What does low yen mean for bike prices?
By Ben Purvis
Has written for dozens of magazines and websites, including most of the world’s biggest bike titles, as well as dabbling in car and technology journalism.
03.05.2024
The Japanese yen has hit its lowest value against the US dollar since the end of the ‘bubble era’ in 1990 and the lowest against the UK pound since the 2008 global financial crisis – but that doesn’t mean the market is about to be flooded with ultra-cheap Japanese bikes.
Before we delve deeper into how it impacts the market, what’s going on with the Japanese yen at the moment? The answer is that this is simply a continuation of decline that’s been ongoing for years. Japan’s economy has languished in the so-called ‘lost decades’ since the start of 1990, when the Japanese economic miracle – the breakneck growth that was sustained from the end of WW2 to the dawn of the nineties – came to a screeching halt. The last part of that growth, known as the bubble era or bubble economy, from the mid-80s until 1990, saw perhaps the most remarkable era of motorcycle development that the world has ever experienced. The GSX-R750, the Honda Fireblade, any one of the jewel-like 400cc and 250cc four-cylinder Japanese bikes, and countless oddball experiments along the way (NR750, anyone?) all stemmed from the bubble era, with launches echoing into the early to mid-1990s as projects that started development during the late 80s reached showrooms.

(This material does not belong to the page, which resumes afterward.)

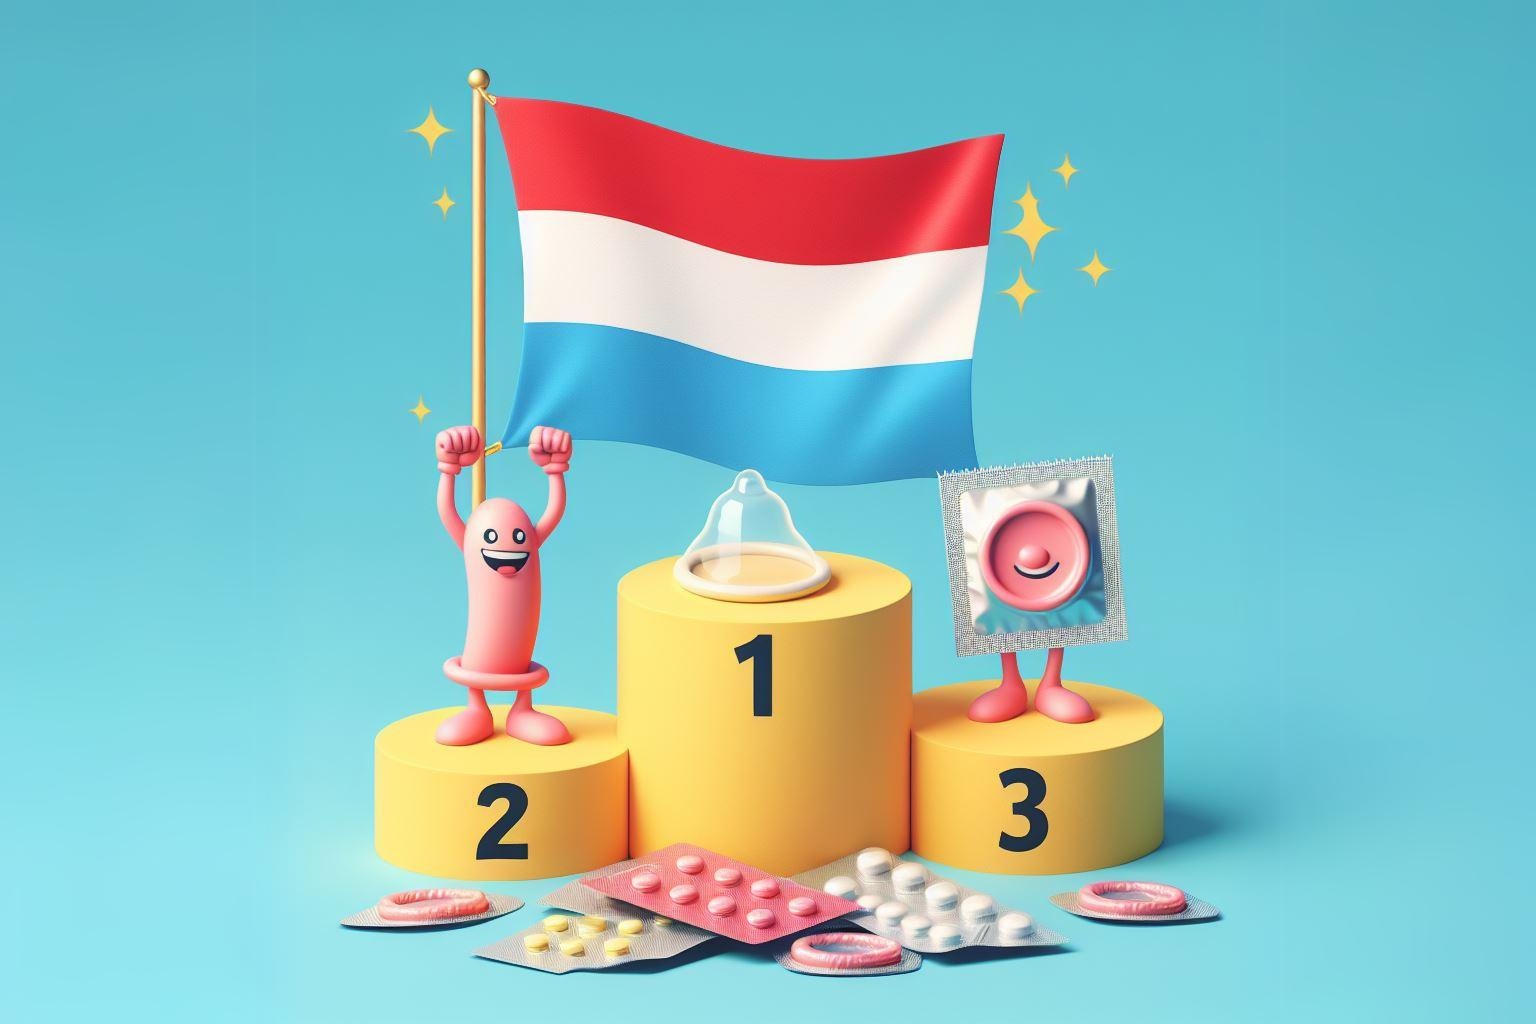 Bandiera lussemburghese come numero 1 sul podio dei vincitori sul tema della contraccezione

It was in 1990 that the bubble burst and ever since then Japanese economy has stagnated, with flatlining GDP-per-capita as other countries (yes, even the UK) have achieved substantial growth.
There’s been a particular slide for the yen since 2020. In May 2020 there were around 130 yen to the pound, or 106 yen to the dollar, but today there’s nearly 200 yen to the pound and close to 160 yen to the dollar. In other words, the Japanese currency is only worth two thirds of its 2020 value. That comes in part because the Bank of Japan has opted to keep interest rates low, aiming to encourage inflation, in recent months and years. You probably don’t need reminding that the Bank of England, like many central banks, has done the opposite, pushing interest rates up to stem inflation.

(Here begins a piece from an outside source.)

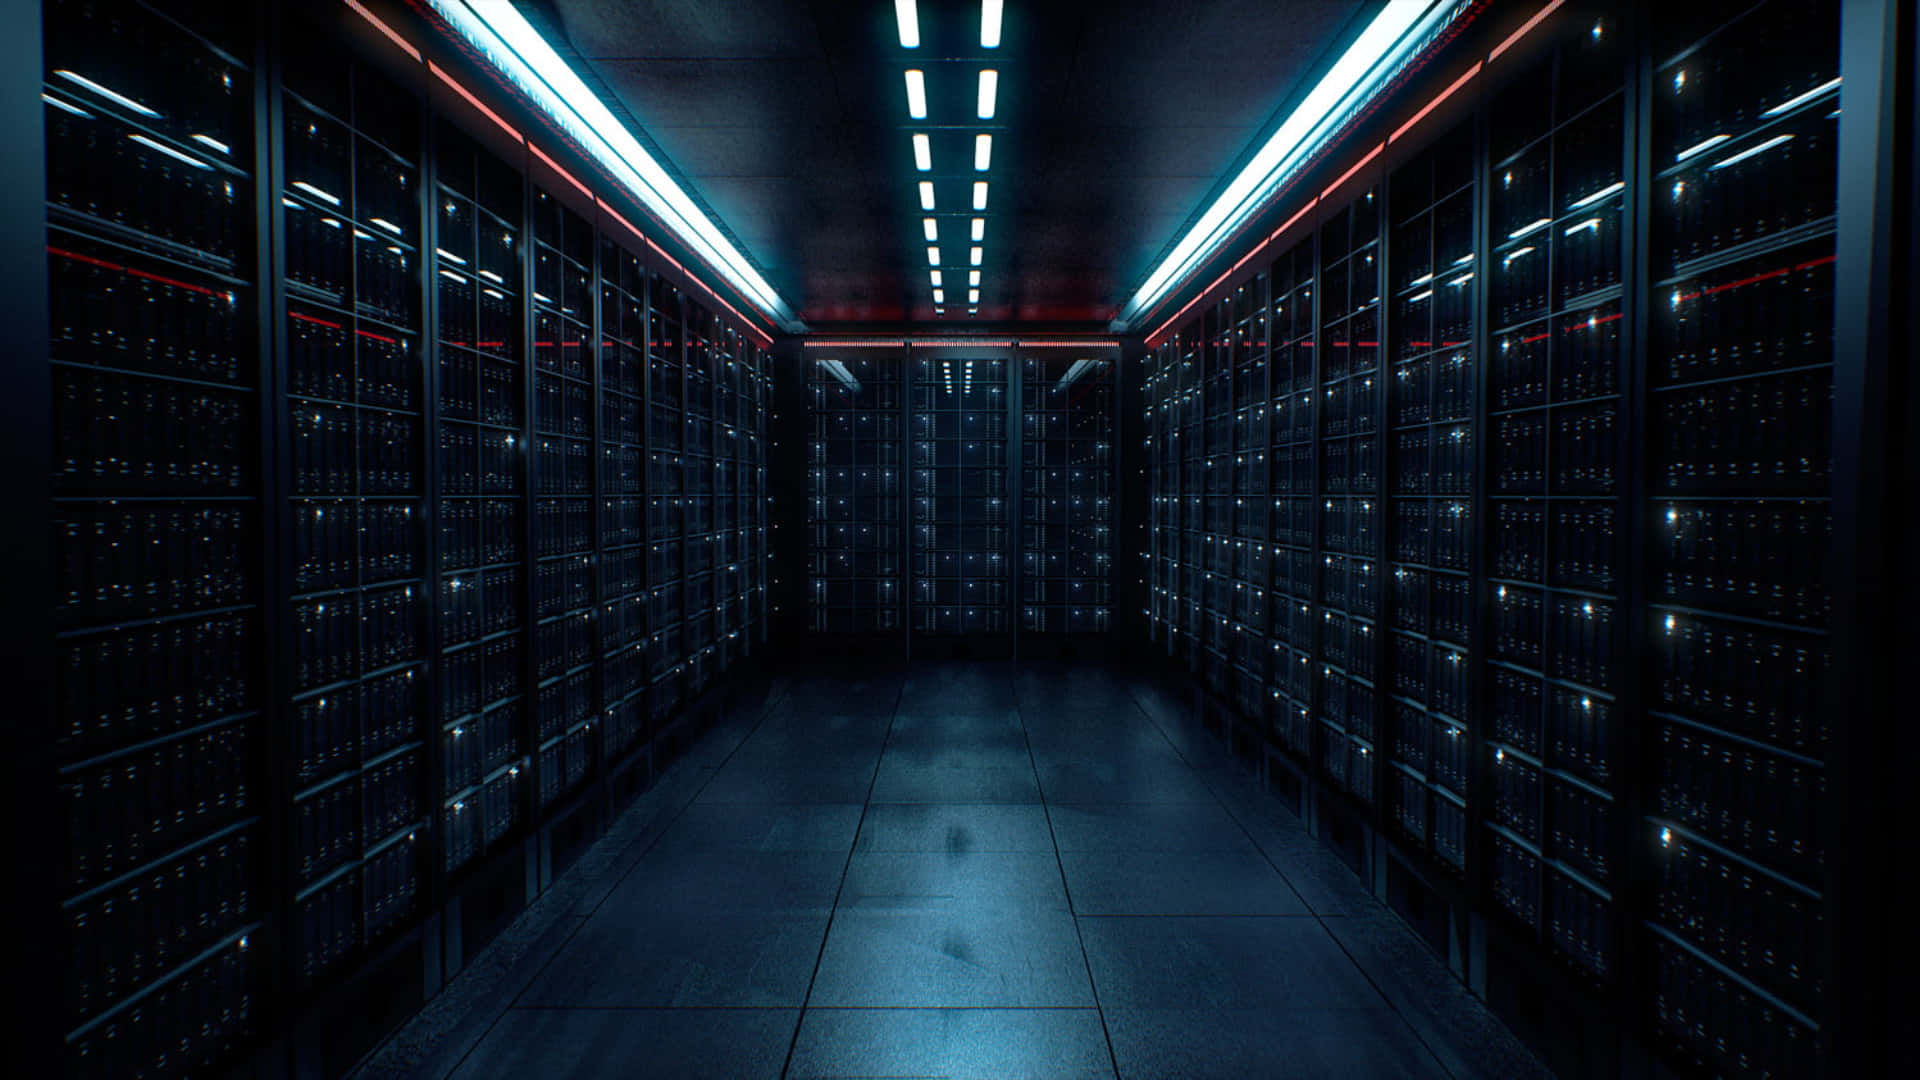 A Dark Hallway With Many Servers

In theory that’s good news for tourists visiting Japan and for Japanese companies exporting their goods – like motorcycle manufacturers. They get more yen for every dollar or pound, upping profits and allowing them to be more aggressive with their pricing. But it’s not that simple, so don’t expect to see a sudden influx of ultra-cheap, high-end Japanese bikes hitting showrooms.
There are several reasons for that. For a start, the ‘Big Four’ Japanese bike firms are international corporations now, spread far wider than Japan. They have manufacturing facilities all over the globe and source components and expertise just as broadly. That means that while the bottom line in their annual reports might read in yen, they’re actually dealing with multiple economies around the world. That broader manufacturing base is something that’s grown significantly since the end of the bubble era, which means the Japanese bike companies don’t get the same benefit from a weak yen as they did 30 years ago.

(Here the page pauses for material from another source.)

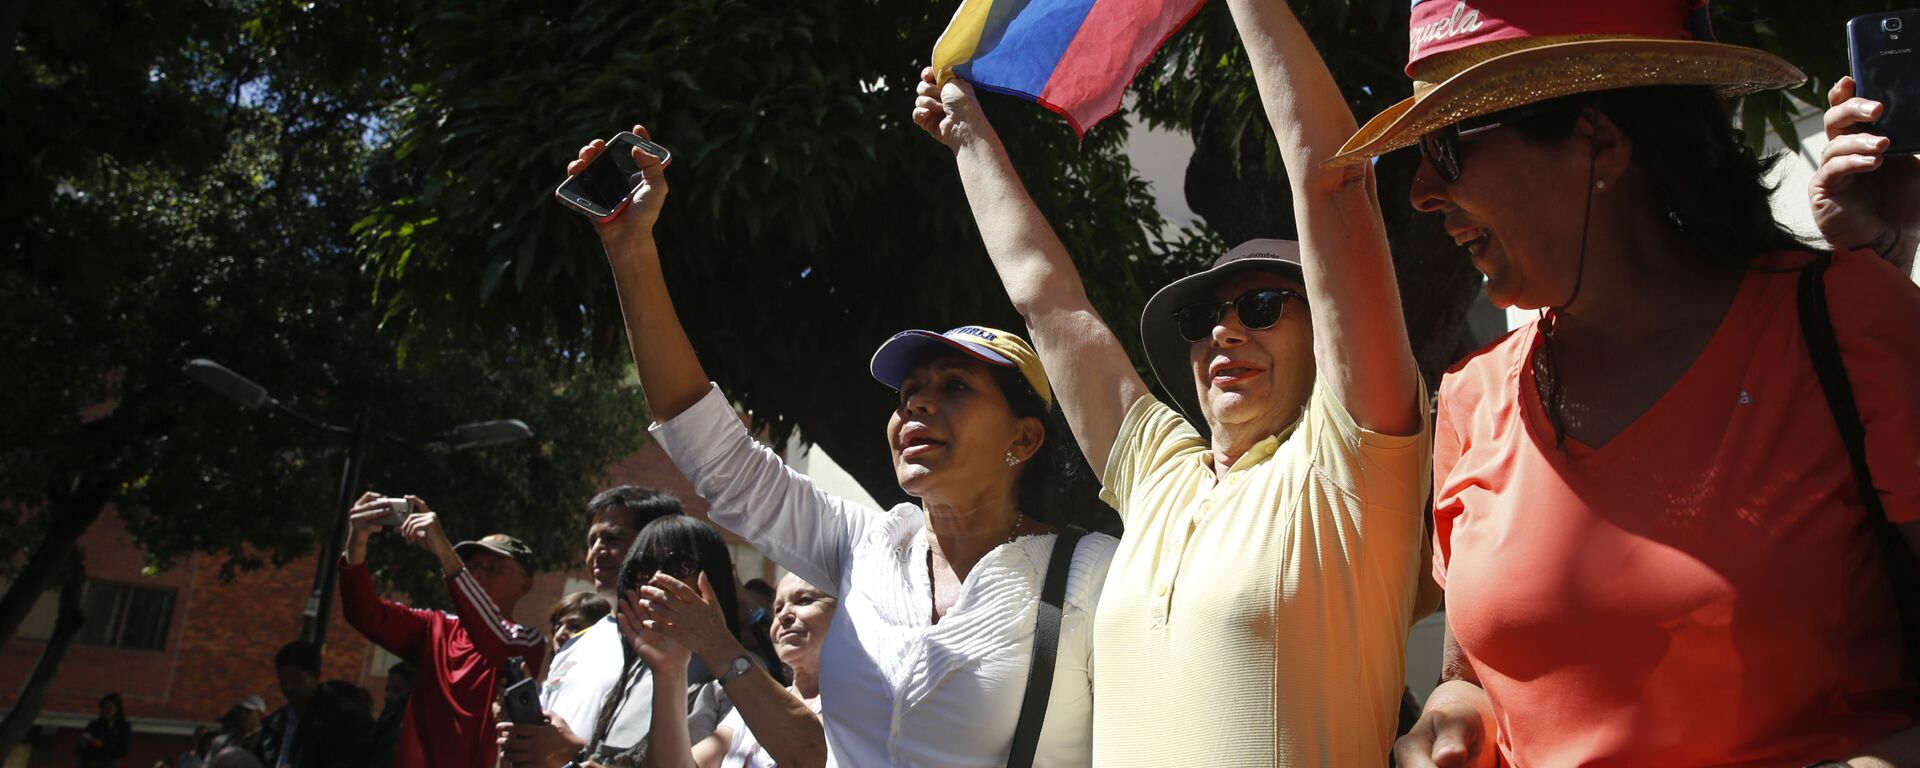 Лидер оппозиции Венесуэлы Хуан Гуаидо выступил на митинге в Каракасе  - Sputnik Latvija, 1920, 29.01.2019

There’s also a substantial delay between currency fluctuations and a knock-on effect on product prices. For example, the bikes Honda, Yamaha et al are selling in the UK this year will getting imported at wholesale prices that were agreed several months ago, so even if the latest drop in the yen’s value turns out to be a sustained one, it’s unlikely to be felt in showrooms here until 2025.
How have bike prices changed over the last 30 years?
Are today’s Japanese bikes more or less expensive than they were three decades ago? The answer is… it depends on the bike.
Here’s how a couple of popular long-running models have faired since 1994:
Honda CBR600F/CBR650F/CBR650R
Honda’s four-cylinder CBR600F was an icon of the late 80s and early 90s and its spirit lives on today in the CBR650R (the CBR600RR having departed in a much more aggressive, sportier direction in the early noughties). With inflation taken into account, today’s bike is much, much cheaper than its forebear.
Back in 1994 a CBR600F would set you back £6525, equivalent to £13,258 in 2024 pounds. In 2004 the RRP was £6654 (£11,565 in 2024 money), and in 2014 the CBR650F that replaced it cost £7399, which equates to £9846 in 2024 once inflation is taken into account. Today, a new CBR650R comes in at £8599. That means the RRP has risen by about 32% over three decades, but should have doubled if it was to keep up with inflation.
Honda Fireblade
The defining superbike of the early 90s, Honda’s Fireblade, set owners back £8655 in 1994. Adjusted for inflation, that would be the equivalent of £17,587 in 2024 pounds. By 2004, despite some substantial upgrades, the Blade’s price had barely changed at £8739, equating to £15,189 today. Since then, though, it’s risen fast. In 2014 a Fireblade cost £14,999, which would be just a smidge under £20k in today’s money, and the latest generation machine in 2024 costs £23,499. So, the Blade’s RRP has grown by more than 270% since the 90s, outstripping inflation.